Hungary 10 December 1996 Budapest Arbitration proceeding Vb 96074 (Caviar case) [English text]
[Cite as: http://cisgw3.law.pace.edu/cases/961210h1.html]
Primary source(s) for case presentation: Case text
DATE OF DECISION:
JURISDICTION:
TRIBUNAL:
JUDGE(S):
CASE NUMBER/DOCKET NUMBER: VB 96074
CASE NAME:
CASE HISTORY: Unavailable
SELLER'S COUNTRY: Yugoslavia (claimant)
BUYER'S COUNTRY: Hungary (respondent)
GOODS INVOLVED: Caviar
Case law on UNCITRAL texts (CLOUT) abstract no. 163
Reproduced with permission from UNCITRAL
A Yugoslav company sold and delivered caviar to a Hungarian company. According to their contract "the buyer has to pick up the fish eggs at the seller's address and take the goods to his facilities in Hungary". Payment was due two weeks after the delivery of the goods, at which time the UN embargo against Yugoslavia took effect in Hungary. The [seller] assigned the claim for the price of the goods to a company located in Cyprus. The [buyer] acknowledged the assignment, but could not pay on the basis that the UN embargo was a force majeure.
The arbitral court found that the damage caused by force majeure had to be borne by the party to whom the risk had passed, i.e., the [buyer]. In this connection, the arbitral court found it necessary to point out that the risk of freight had to be borne by the [buyer], unless the contract of the parties or the applicable law provided otherwise (article 67 CISG). The [buyer] could not be exculpated by proving that the damage was owing to an act or omission of the [seller] (article 66 CISG).
Accordingly, the arbitral court held that the [buyer] was obliged to pay the price of the delivered goods with interest.
APPLICATION OF CISG: Yes [Article 1(1)(a)]
APPLICABLE CISG PROVISIONS AND ISSUES
Key CISG provisions at issue: Articles
Classification of issues using UNCITRAL classification code
numbers:
79G [Force majeure occurring after delivery of goods]
Descriptors:
English: Unilex database [Clout abstract]

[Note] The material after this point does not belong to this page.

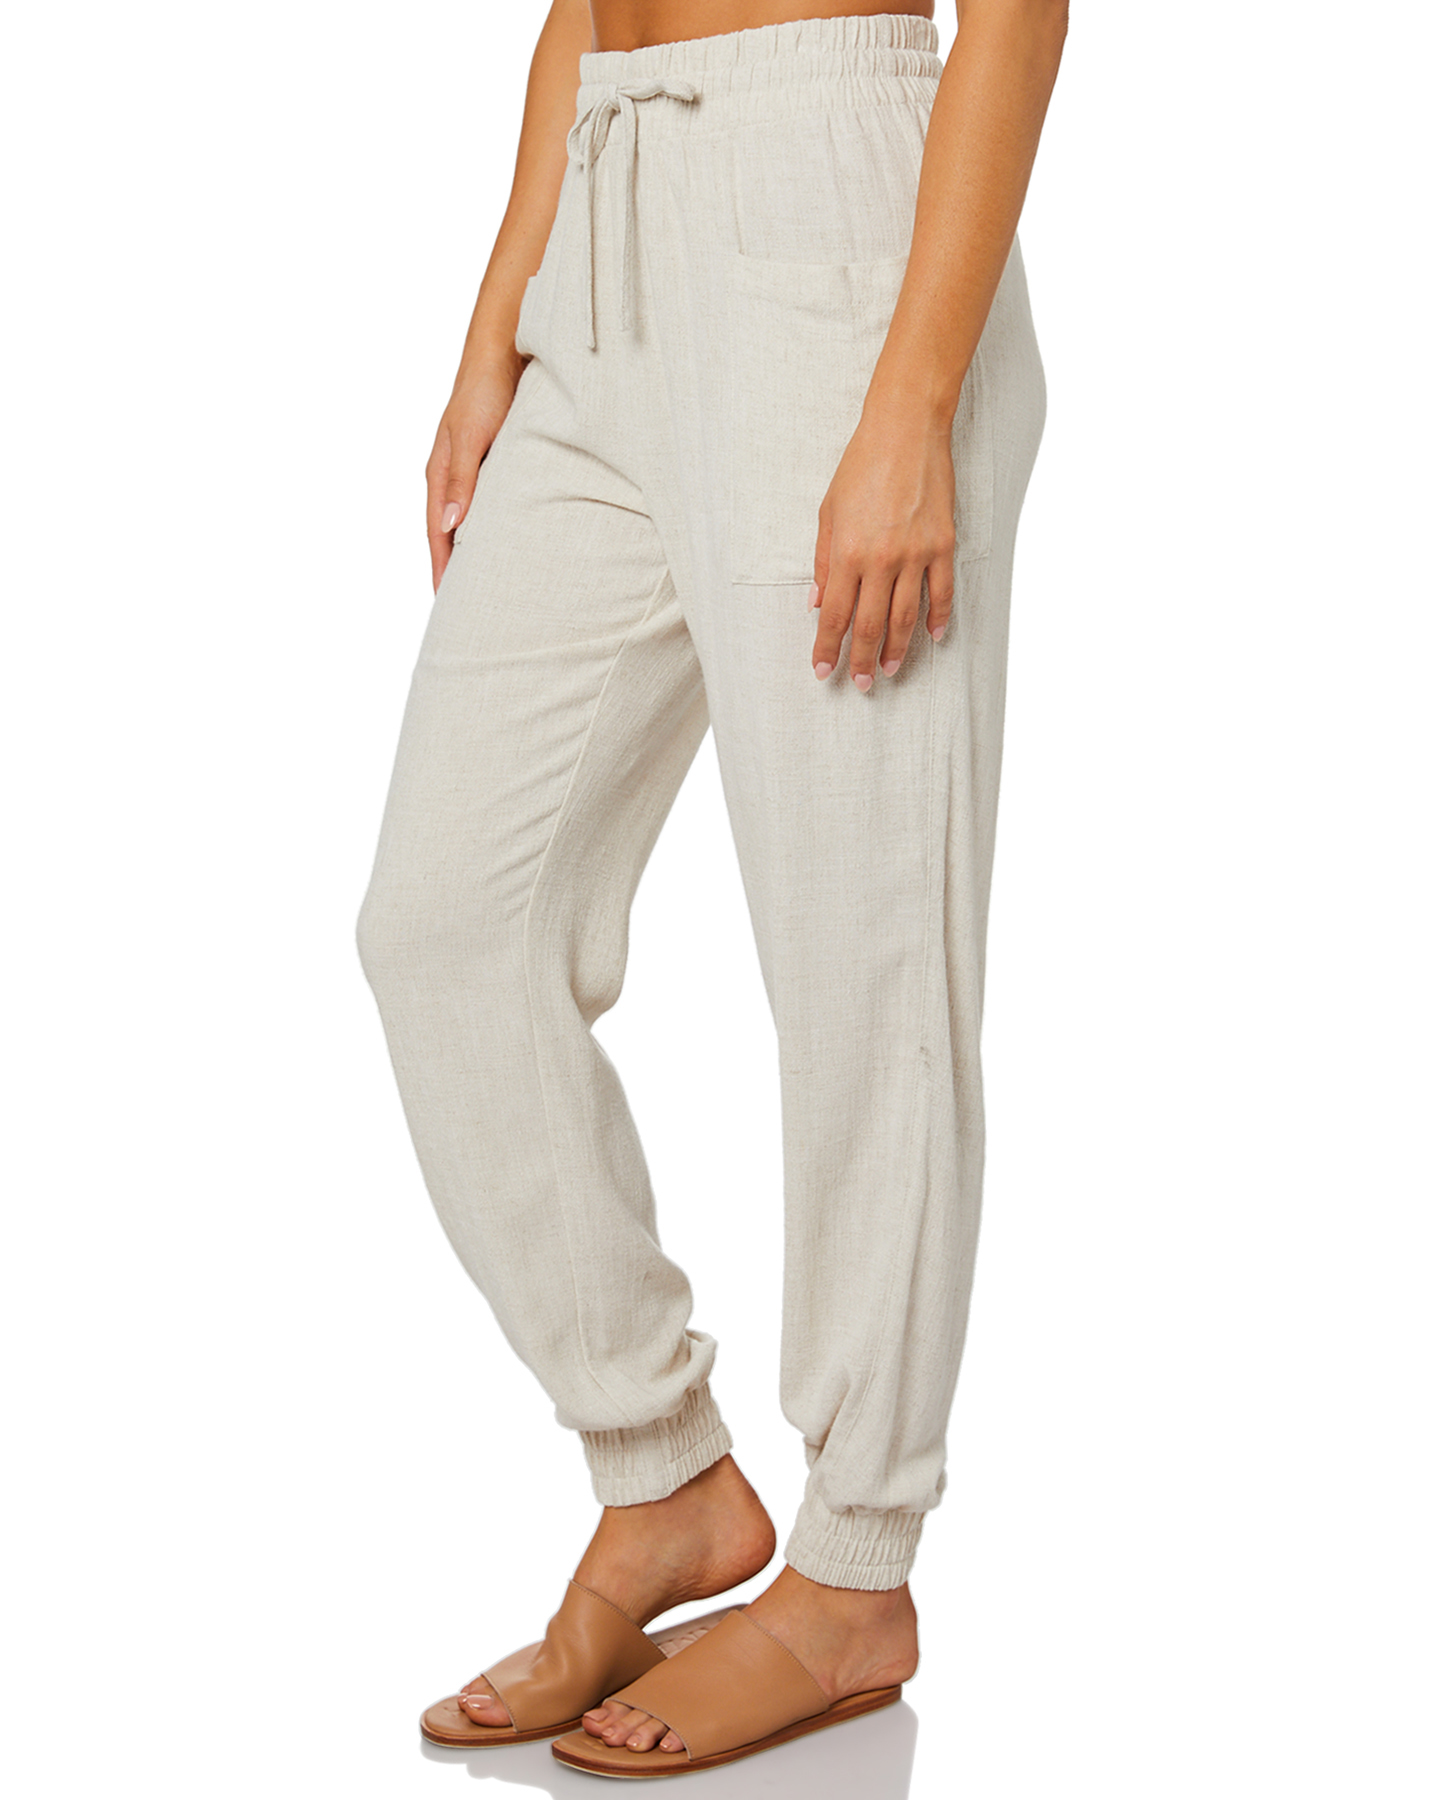 Rusty Mura Linen Pant - Sable Marle | SurfStitch

Polish: Hermanowski/Jastrzebski, Konwencja Narodow Zjednoczonych o umowach
miedzynarodowej sprzedazy towarow (Konwencja wiedenska) - Komentarz (1997) 293-294
CITATIONS TO TEXT OF DECISION
Original language (English): Text of case presented below
Translation: Unavailable
CITATIONS TO COMMENTS ON DECISION English: Thiele, 2 Vindobono Journal (1998) 3-35, citing this case [n.59] and 42 other interest rulings; Petrochilos, Arbitration Conflict of Laws Rules and the CISG (1999) nn.40, 70; Flambouras, Transfer of risk (1999) nn.18, 73, 276; [2004] S.A. Kruisinga, (Non-)conformity in the 1980 UN Convention on Contracts for the International Sale of Goods: a uniform concept?, Intersentia at 133; [2005] Schlechtriem & Schwenzer ed., Commentary on UN Convention on International Sale of Goods, 2d (English) ed., Oxford University Press, Art. 66 para. 4; Schwenzer & Fountoulakis ed., International Sales Law, Routledge-Cavendish (2007) at p. 474Classification of issues present
Editorial remarks
Citations to other abstracts, case texts and commentaries
CITATIONS TO OTHER ABSTRACTS OF DECISION
Reproduced with permission from the Arbitration Court of the Hungarian Chamber of Commerce and Industry
Választottbiróság
10 December 1996 VB/96074
In case of . . . Claimant . . . versus . . . Respondent [Buyer] . . . for payment of [a sum of money] with costs and interests the court of arbitration has brought today and delivers to the process parties . . . the following
Award
The Court of Arbitration obliges . . . [Buyer] to pay . . . (Claimant)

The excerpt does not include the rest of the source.